Note: I was using Oliver Byrne’s book when I studied this proof. Axiom 10 doesn’t seem to exist in the original book

Proposition 4: Proposition 4: “IF two triangles have two sides of the one respectively equal to two sides of the other, and the angles contained by those equal sides also equal; then their bases or their sides are also equal: and the remaining and their remaining angles opposite to equal sides are respectively equal: and the triangles are equal in every respect.”
Basically, given two triangles where two of the sides are equal and the angles contained between the two sides in each triangle are also equal, then the two triangles are equal in every other respect meaning that the third side is also equal and the remaining two angles are equal as well.


Proof.
Let the triangles be \(ABC\) and \(DEF\). Let the two sides be arbitrarily chosen. Suppose we have \(AB = DE\) and \(BC = EF\) and the angle \(ABC = DEF\) (hypothesis).

Now, place the vertex \(A\) onto the vertex \(D\). First, because the angles are equal, the line \(AB\) will fall onto the line \(DE\) (same direction) and second, because we know that \(AB = DE\), then the vertex \(B\) must coincide with the vertex \(E\). Similarly, the vertex \(C\) must coincide with the vertex \(F\).

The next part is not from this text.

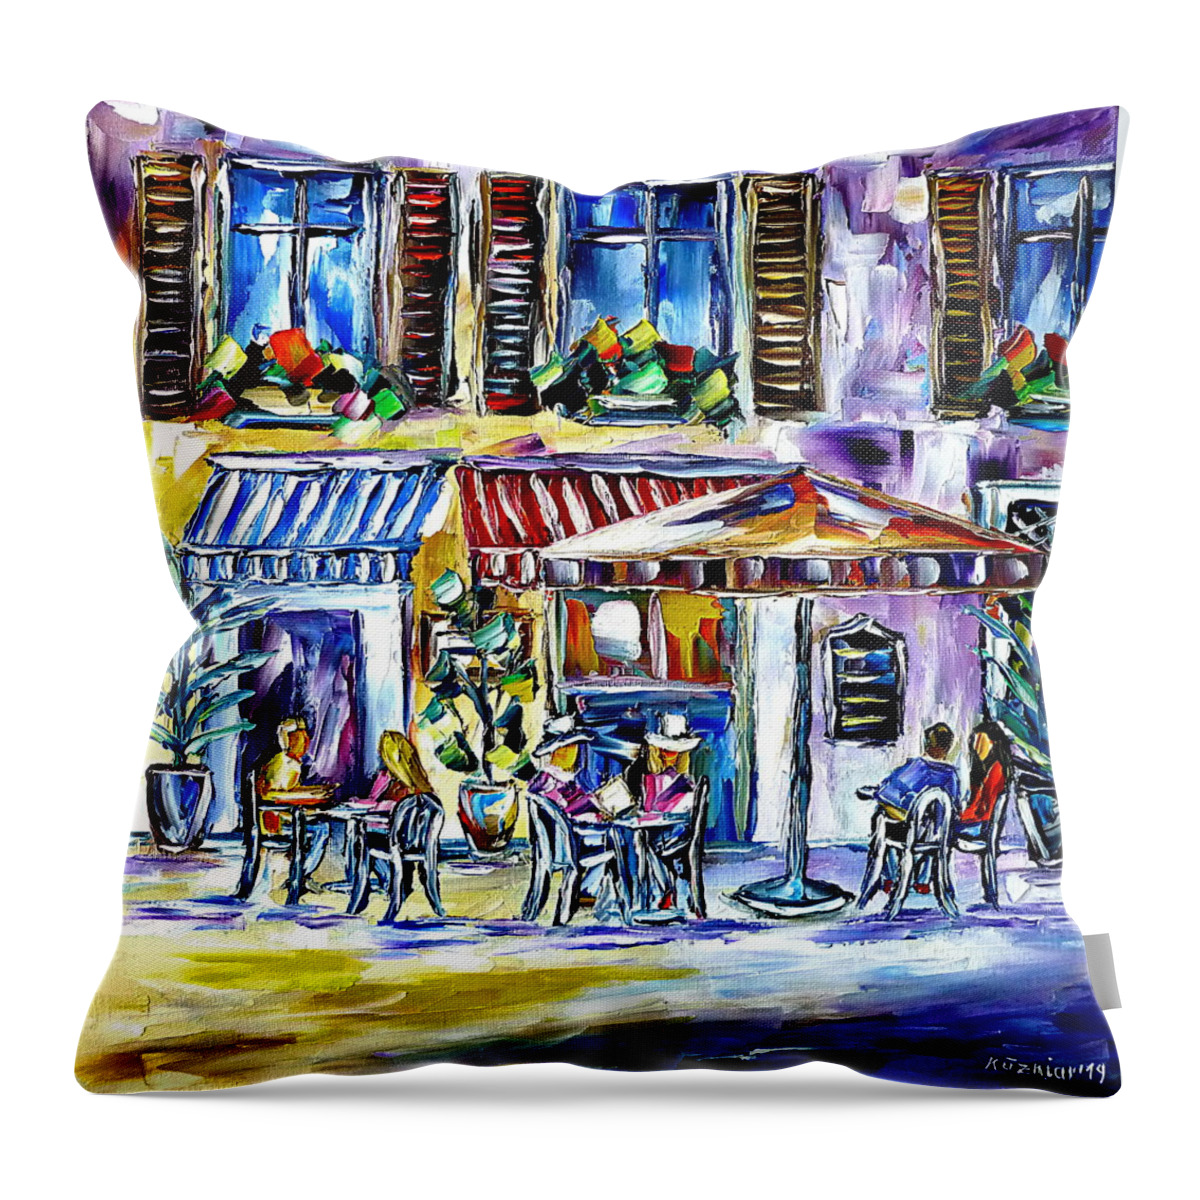 Cafe In Venice Throw Pillow featuring the painting La Dolce Vita #2 by Mirek Kuzniar

Since the vertices \(B\) and \(E\) coincide with each other and the vertices \(C\) and \(F\) coincide with each other, then the side \(BC = EF\). If that’s not the case, then the straight lines connecting \(E\) and \(F\) and \(B\) and \(C\) will include a space but axiom 10 states that two straight lines cannot include a space. In other words, there is only one straight line between two points and therefore \(BC = EF\).

So now that we have all vertices coinciding with each other and all three sides coinciding with each other we can conclude that the two triangles coincide with each other and so they are equal in all respects due to axiom 8 (magnitudes which coincide with one another or exactly fill the same space, are equal).


Thoughts:
(1) When we placed \(A\) onto \(D\), we concluded two things. First, because the angles are equal, the line \(AB\) will fall onto the line \(DE\). Second, because it’s given than \(AB = DE\), then \(A\) must coincide with \(D\). I hard to wrap my head around this for a little longer.

(2) Instead of proving that the third side must be equal to the same third side of the second triangle, I think we could just conclude that the triangles are equal just from having the three vertices coinciding. This is because between any two points, we can only have one straight line (axiom 10) and so the two triangles must coincide and be equal to each other without having to prove the third side separately. (I think?)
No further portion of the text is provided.